Students asked Kirk about a variety of questions, including about Israel, Taiwan, and tariffs.
This last subject interested one student The Fix spoke to, a senior aerospace engineering student named Phil, who said he worried the tariffs would affect the price of Miller Lite, which he said he enjoys drinking.
While Kirk’s “Prove Me Wrong” event acted as the main event, The Fix regularly observed young Trump and Turning Point USA supporters engaging in passionate, but respectful conversations with left-leaning students.
On several occasions, The Fix would hear a debate happening about a topic, such as Israel, leave, and then observe the same discussion still occurring 15 or 20 minutes later. Other students played the trumpets outside of the main area. One student set up a haircutting station in the middle of Krach Lawn.
The event generated enough interest that even non-Purdue students turned out for the event, with one high schooler sharing that he “technically” skipped class today to come to the event.
The student first heard about Turning Point USA through “Instagram and social media,” while a friend he came with started a chapter at their high school.
The Fix spoke to another high schooler, who will start at Purdue this coming school year.
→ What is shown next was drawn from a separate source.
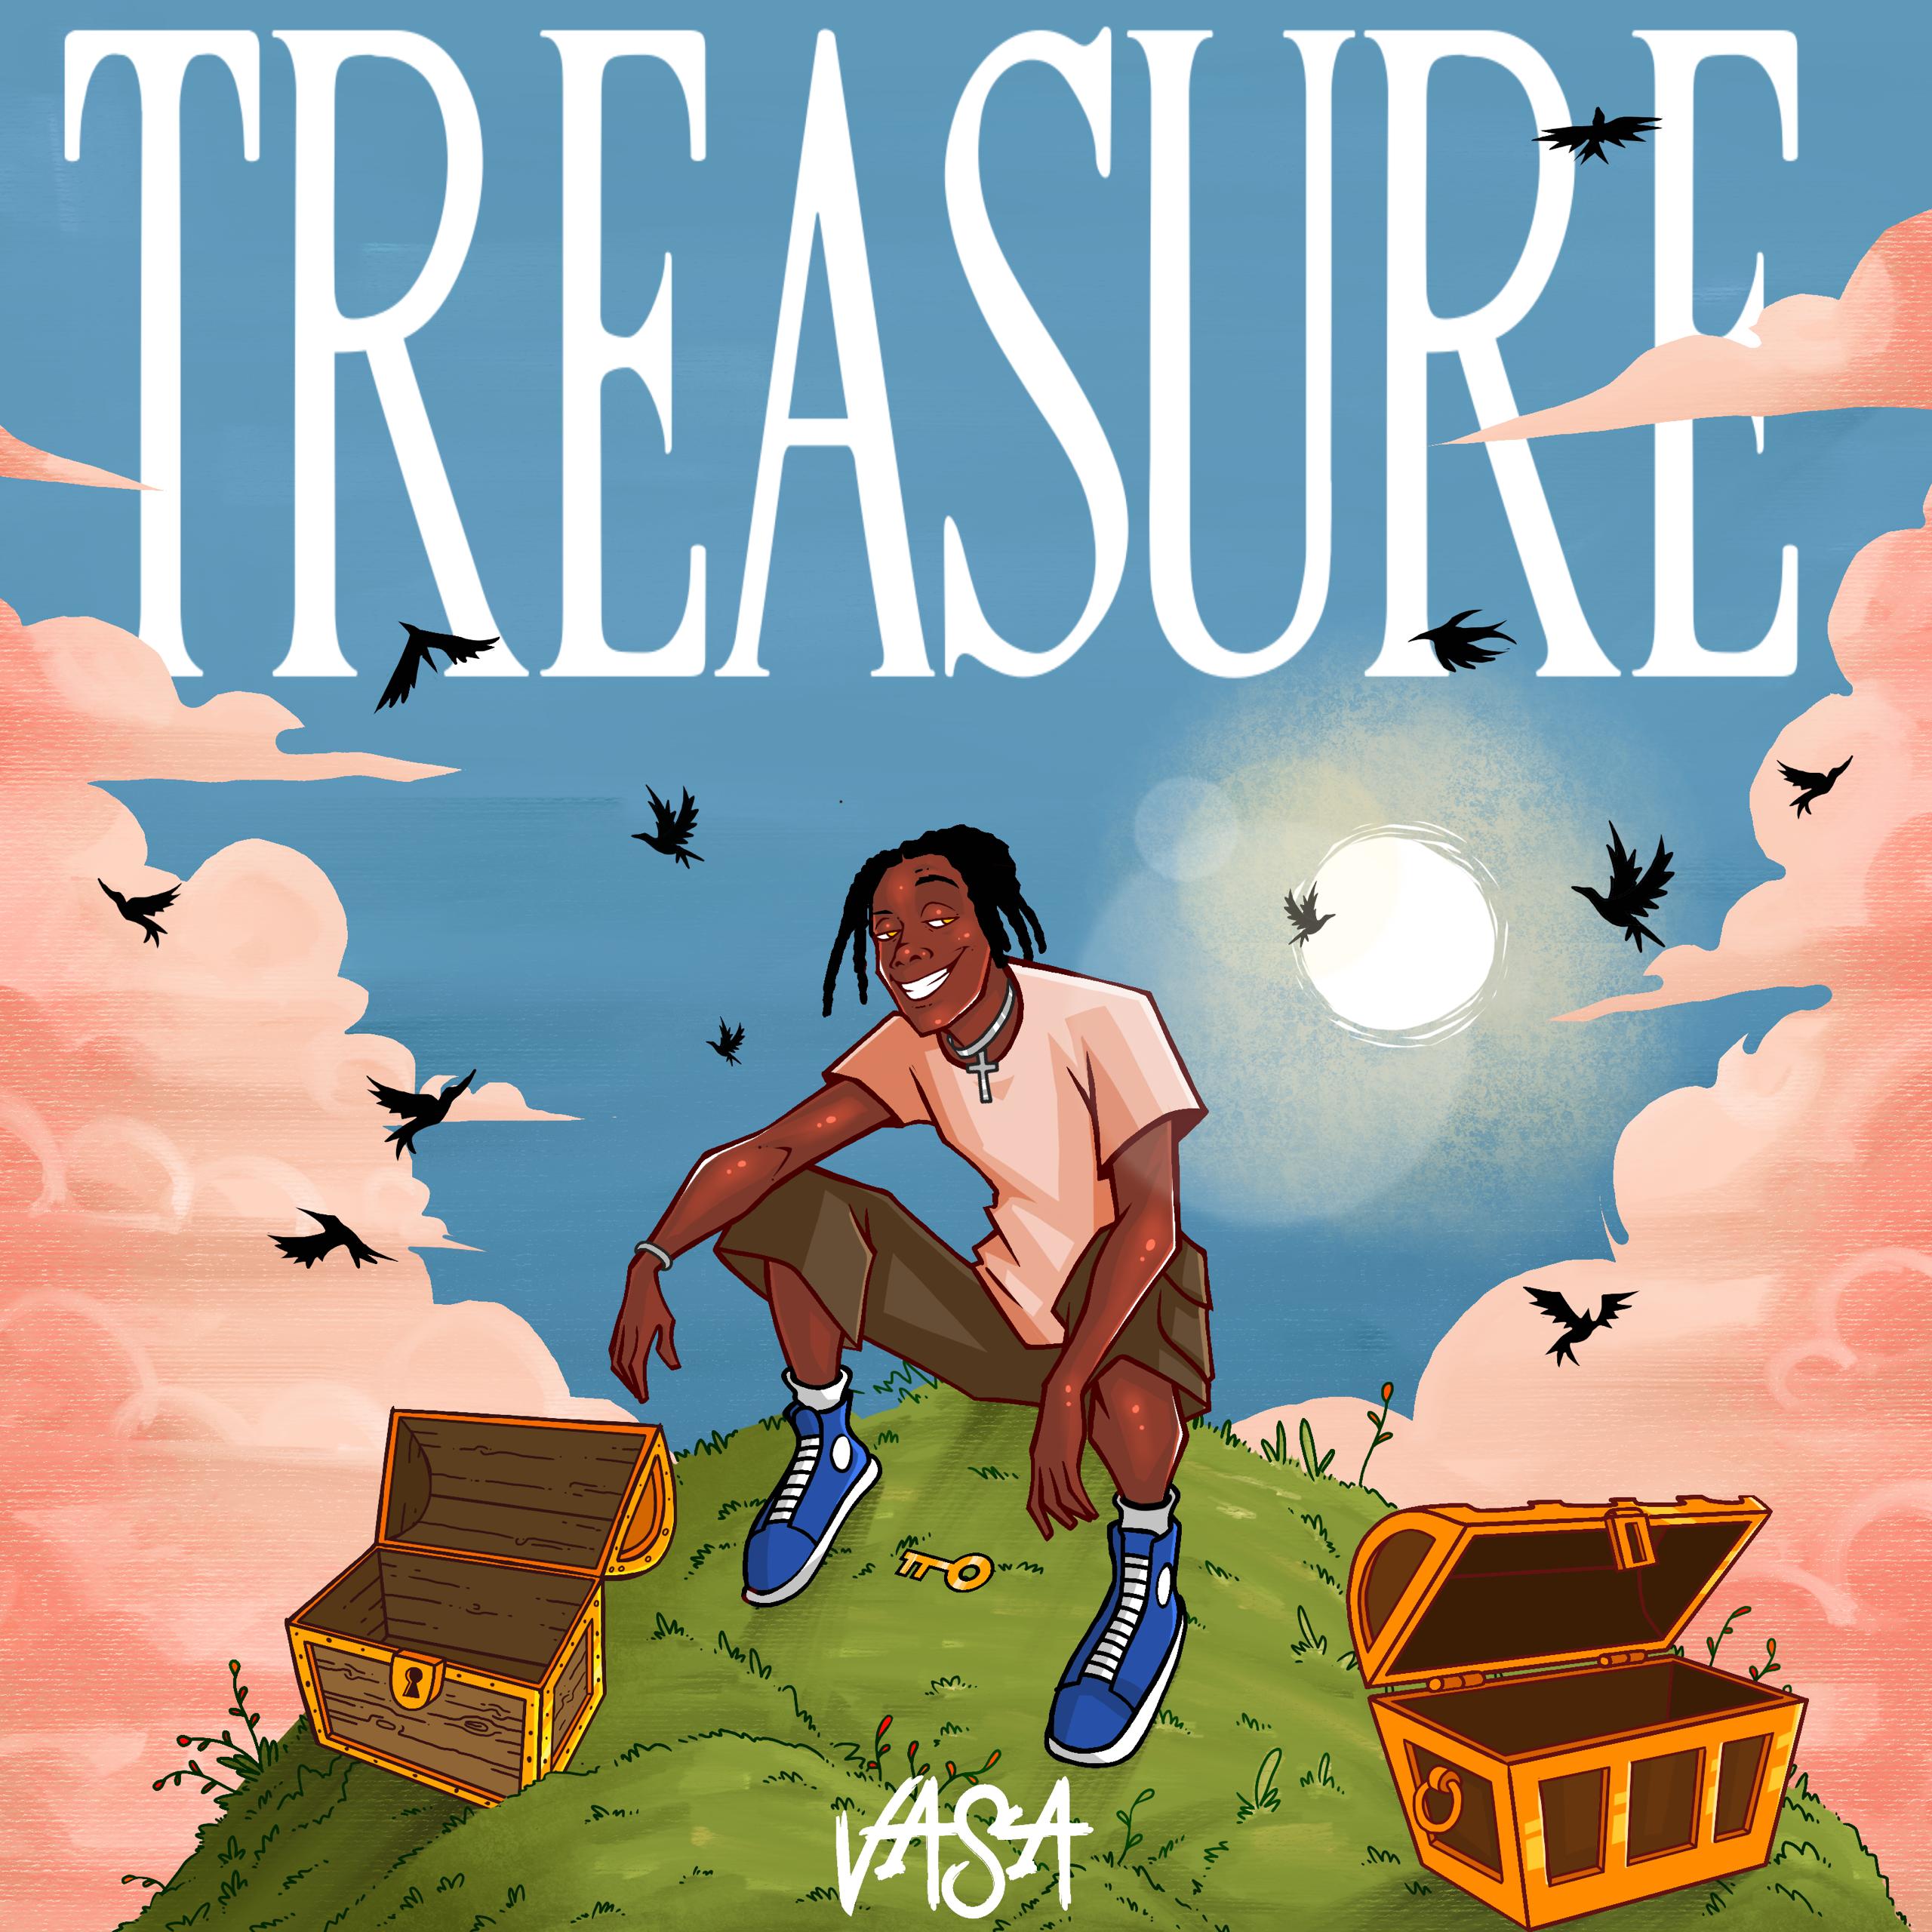 VASA’s ‘Treasure’: Your Passport To A Love Adventure!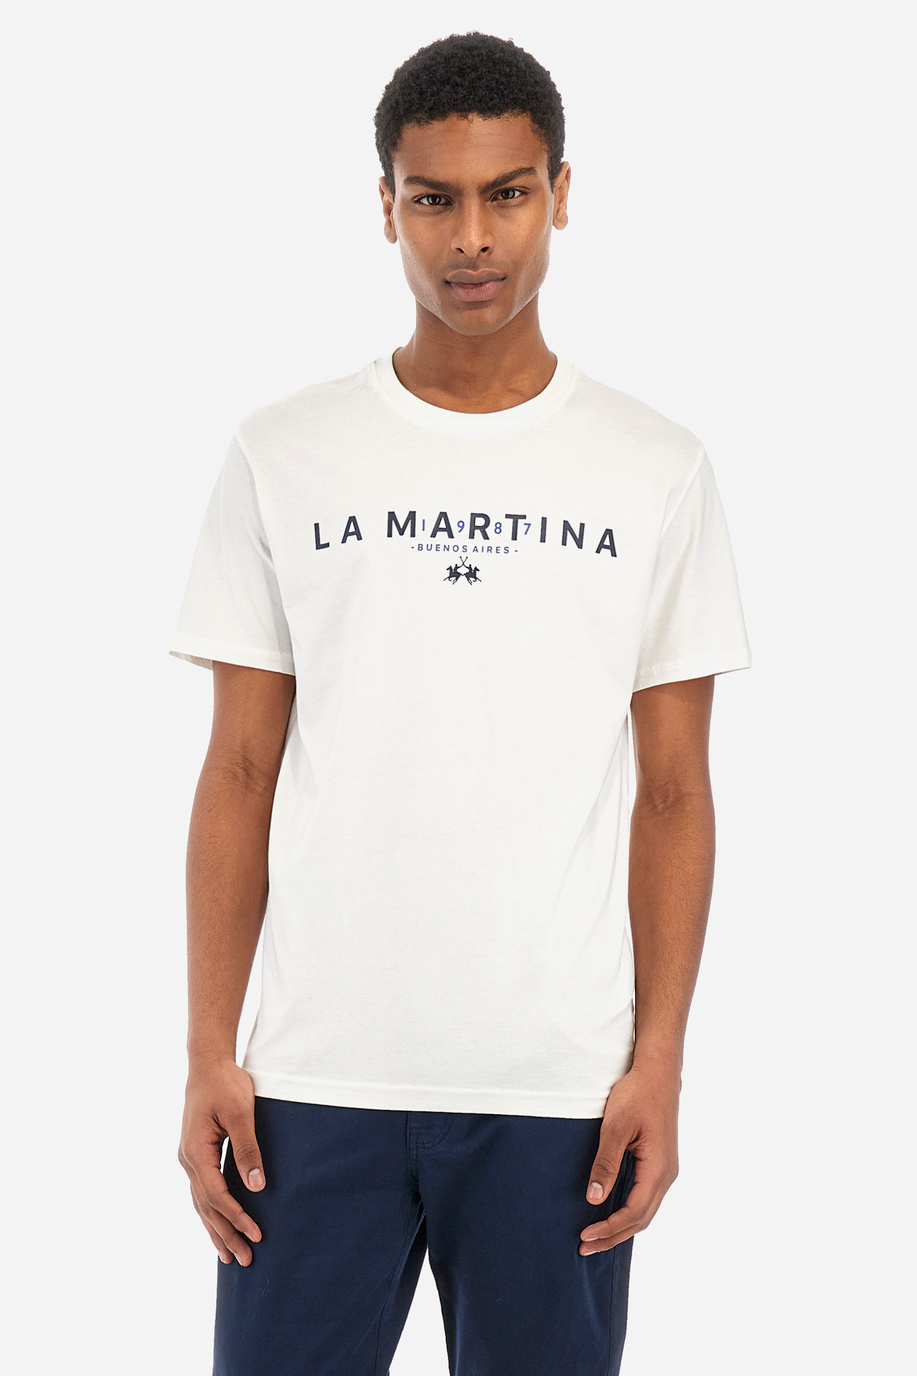 Men's T-shirts in a regular fit - Warley - T-shirts | La Martina - Official Online Shop

“I just like seeing people get together and collaborate with what they love, like what their ideals are,” the student named Mason told The Fix. He hoped to hear more about what was “going on with the stock market,” the aspiring wildlife management major told The Fix.
A member of the Young Democratic Socialists of America chapter offered to speak to The Fix.
“Purdue YDSA is extremely concerned with the growing rise of fascist rhetoric in the USA,” media liaison Aditya Anand told The Fix during an in-person interview. The Fix asked about the main goal of the protest.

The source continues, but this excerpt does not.